Rosenstraße | |
Producer: | Henrik Meyer, Richard Schöps, Markus Zimmer |
Runtime: | 136 minutes |
Country: | Germany |
Rosenstraße is a 2003 film directed by Margarethe von Trotta, starring Maria Schrader and Katja Riemann. It deals with the Rosenstrasse protest of 1943.
In the present day, a widow mourns the death of her husband. She covers up the TV set and all the mirrors in the house.
Her grown children are baffled by this behavior, asking why their mother has suddenly become Orthodox Jewish. The mother will not discuss her past, but her daughter wants to know what happened. Learning of a woman (Lena) who "saved" her mother during the war, she goes to Germany to learn the whole story. She finds Lena, who willingly reminisces about World War II, about her situation and the mother's childhood as a Jew growing up in Nazi Germany during the war. Lena herself is a German woman whose Jewish husband was persecuted by the Nazis while the little girl (the widow mother) loses her own mother to the Nazi concentration camps. The principal focus of the film addresses what happened to those who were in a mixed marriage ("Aryan"/Jewish). Amid constant flashbacks, the film pieces together the story of the Rosenstrasse protest, where the women waited for seven days and nights outside of a Nazi jail for their Jewish husbands. The protests took place in Berlin during the winter of 1943.

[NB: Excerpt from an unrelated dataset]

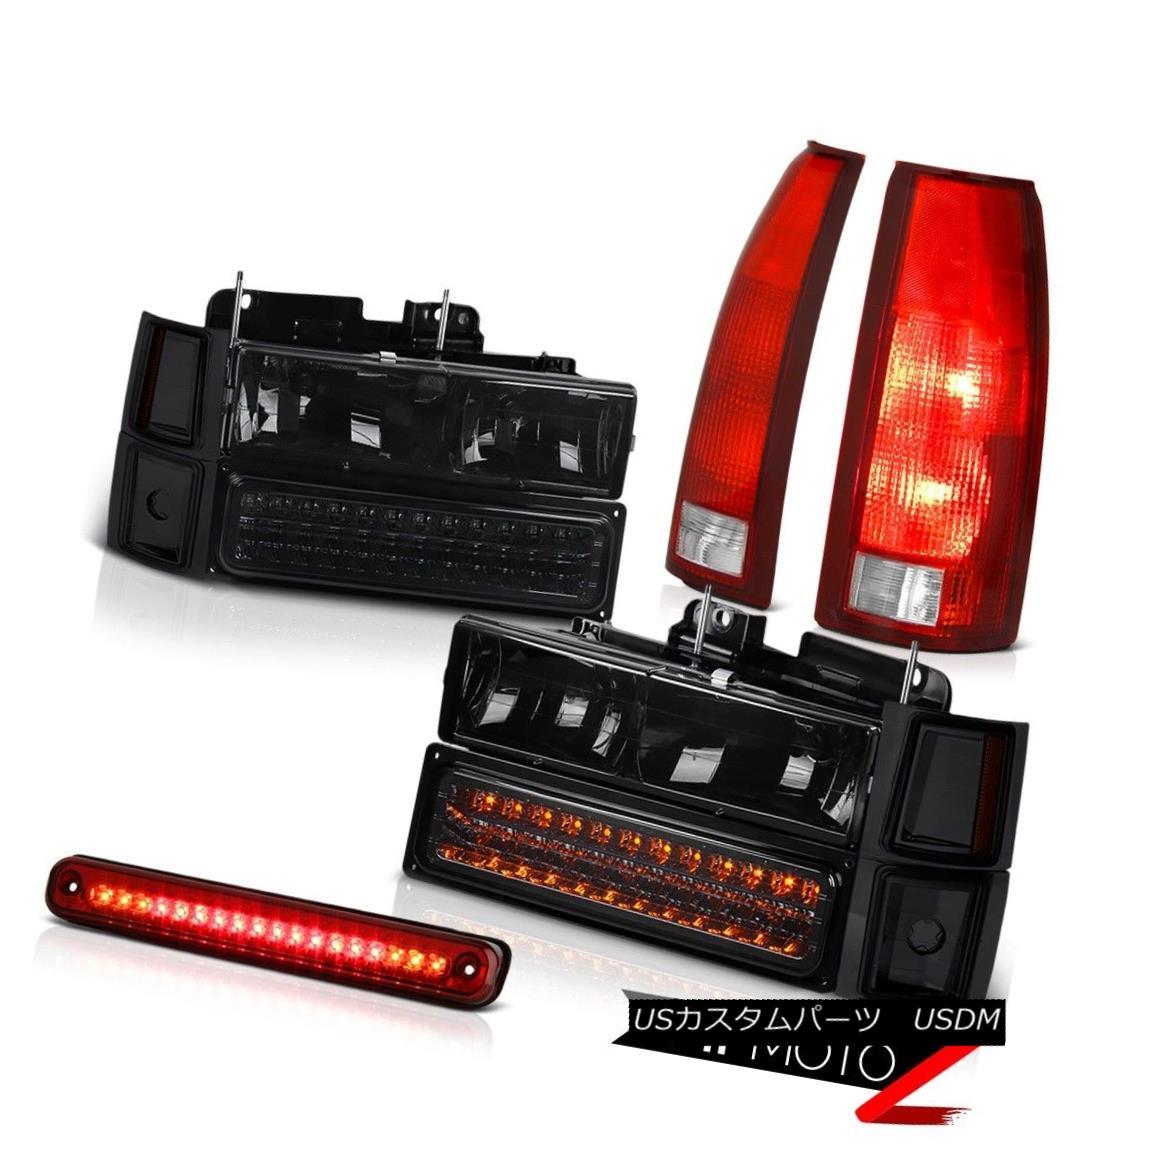 1994-1998シボレーC3500第3ブレーキライトテールランプスモーキー8個ヘッドライトコンボ 1994-1998 Third Brake 8Pcs Headlight Combo Lamps テールライト Light Tail Smokey C3500 Chevy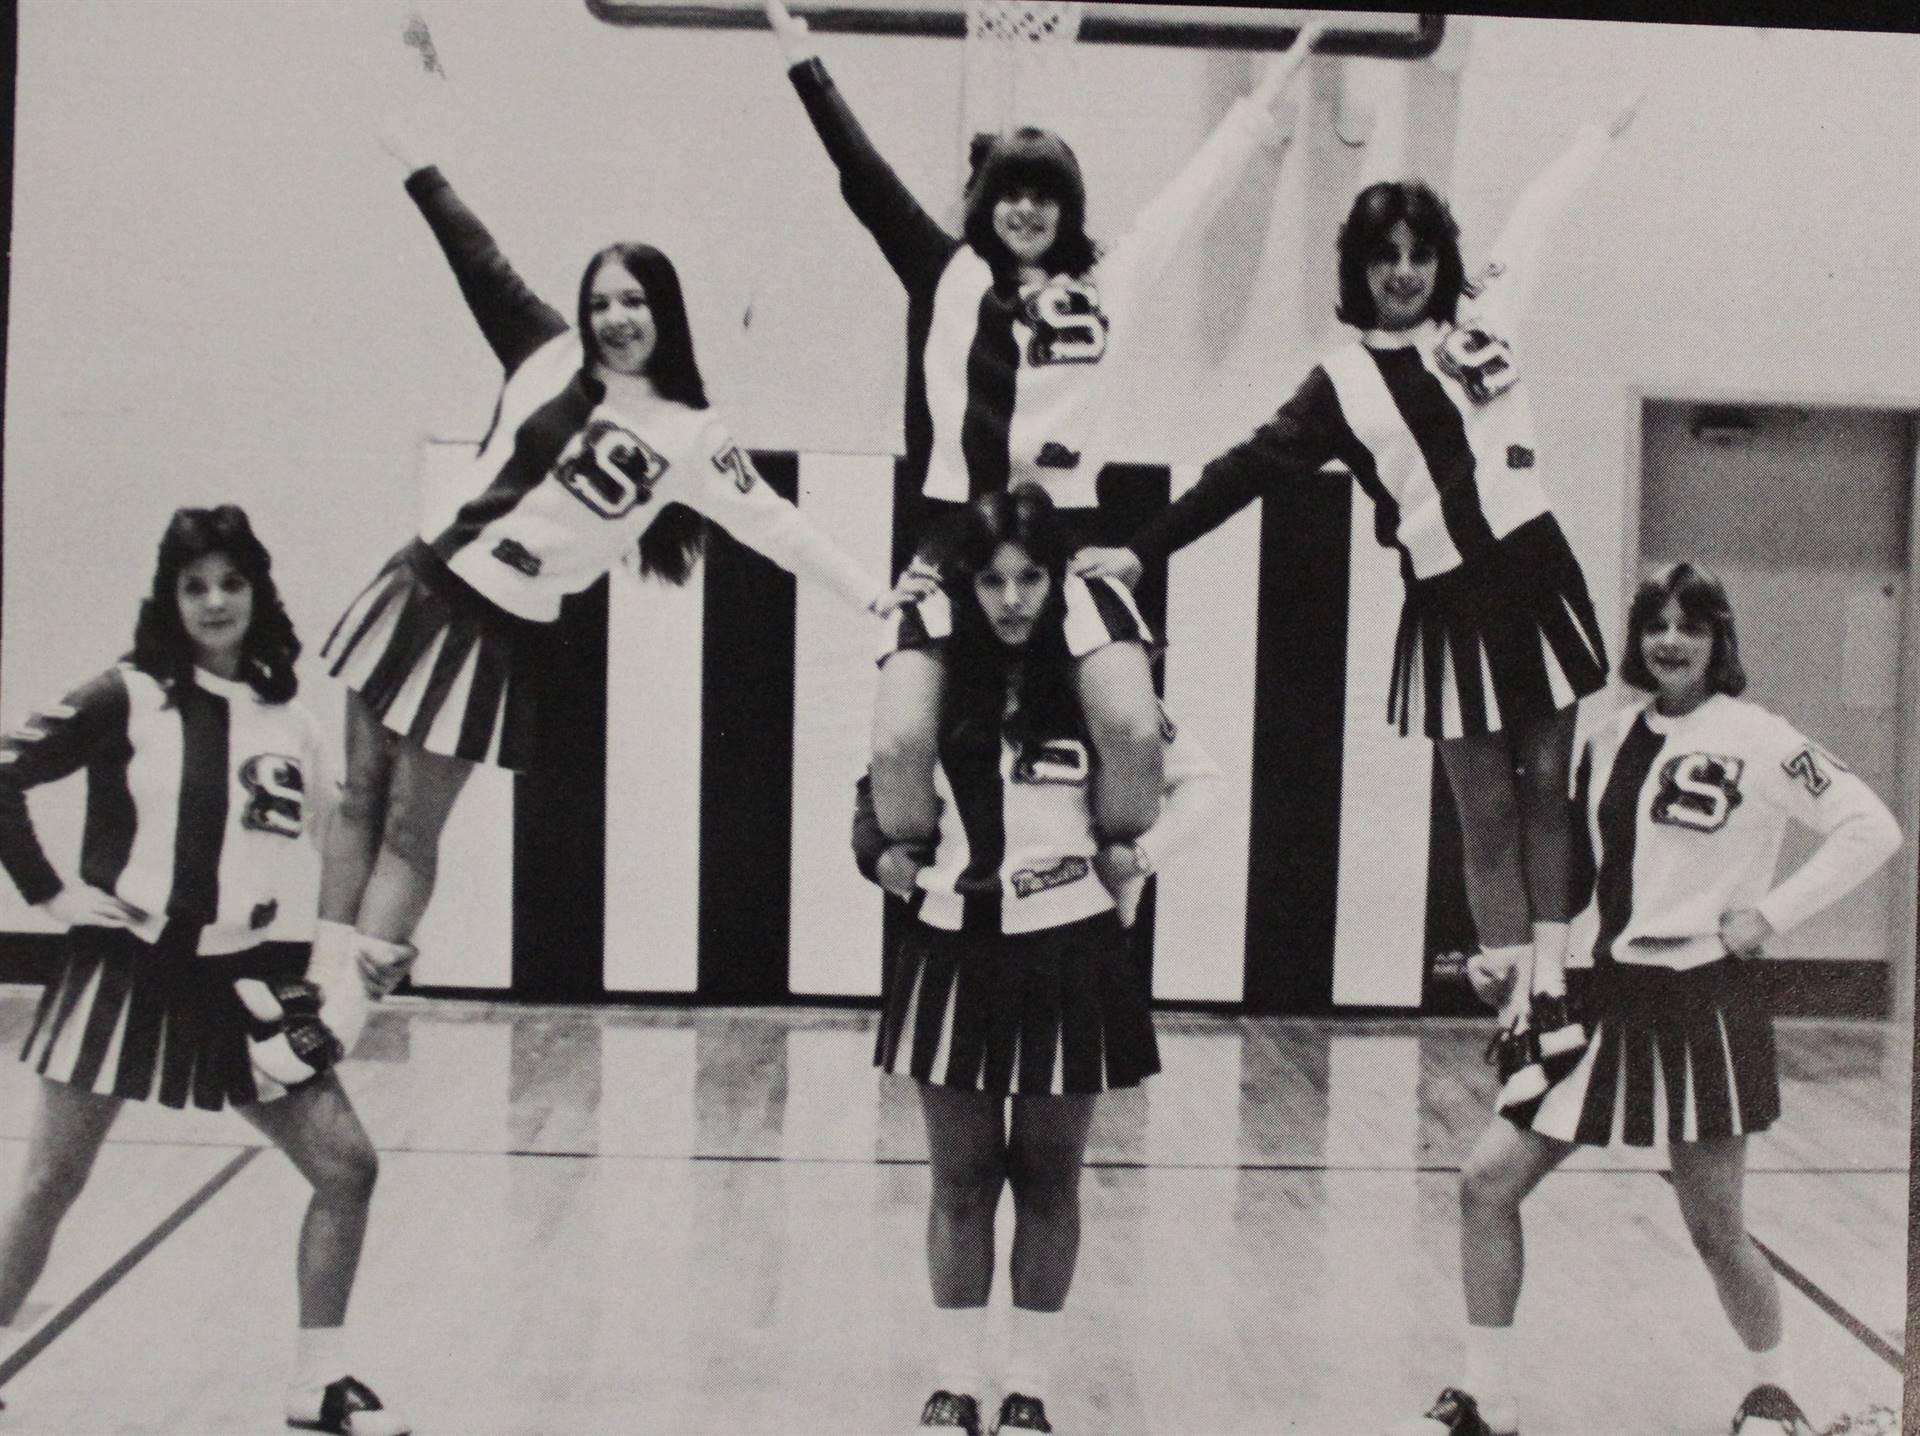 1977 Cheerleaders

Rosenstraße was Margarethe von Trotta's first film since 1995. Due to funding problems, she had to choose between retreating to academia (as some of her colleagues did) or doing more TV production work.[1]
The film won a David at the David di Donatello Awards. Franz Rath won for Best Cinematography at the Bavarian Film Awards and the UNICEF Award at the Venice Film Festival.
Katja Riemann won Best Actress Award at the Venice International Film Festival.
Rosenstraße received notable criticism from film critics and historians alike. In particular, the film's explicit claim to give an accurate account of the Rosenstraße protest has caused historians to point out not only a number of minor flaws in the logic of the film, but also some major points where Rosenstraße did not stick to the facts. Among others, historian Beate Meyer compared fact and fiction in a detailed treatment,[2] and came to the conclusion that Rosenstraße was a projection of contemporary hopes and myths on history, resulting in a utopia. The audience would inevitably come to wonder how the holocaust could occur "if only seven days of steadfastness would have sufficed to prevent it from happening."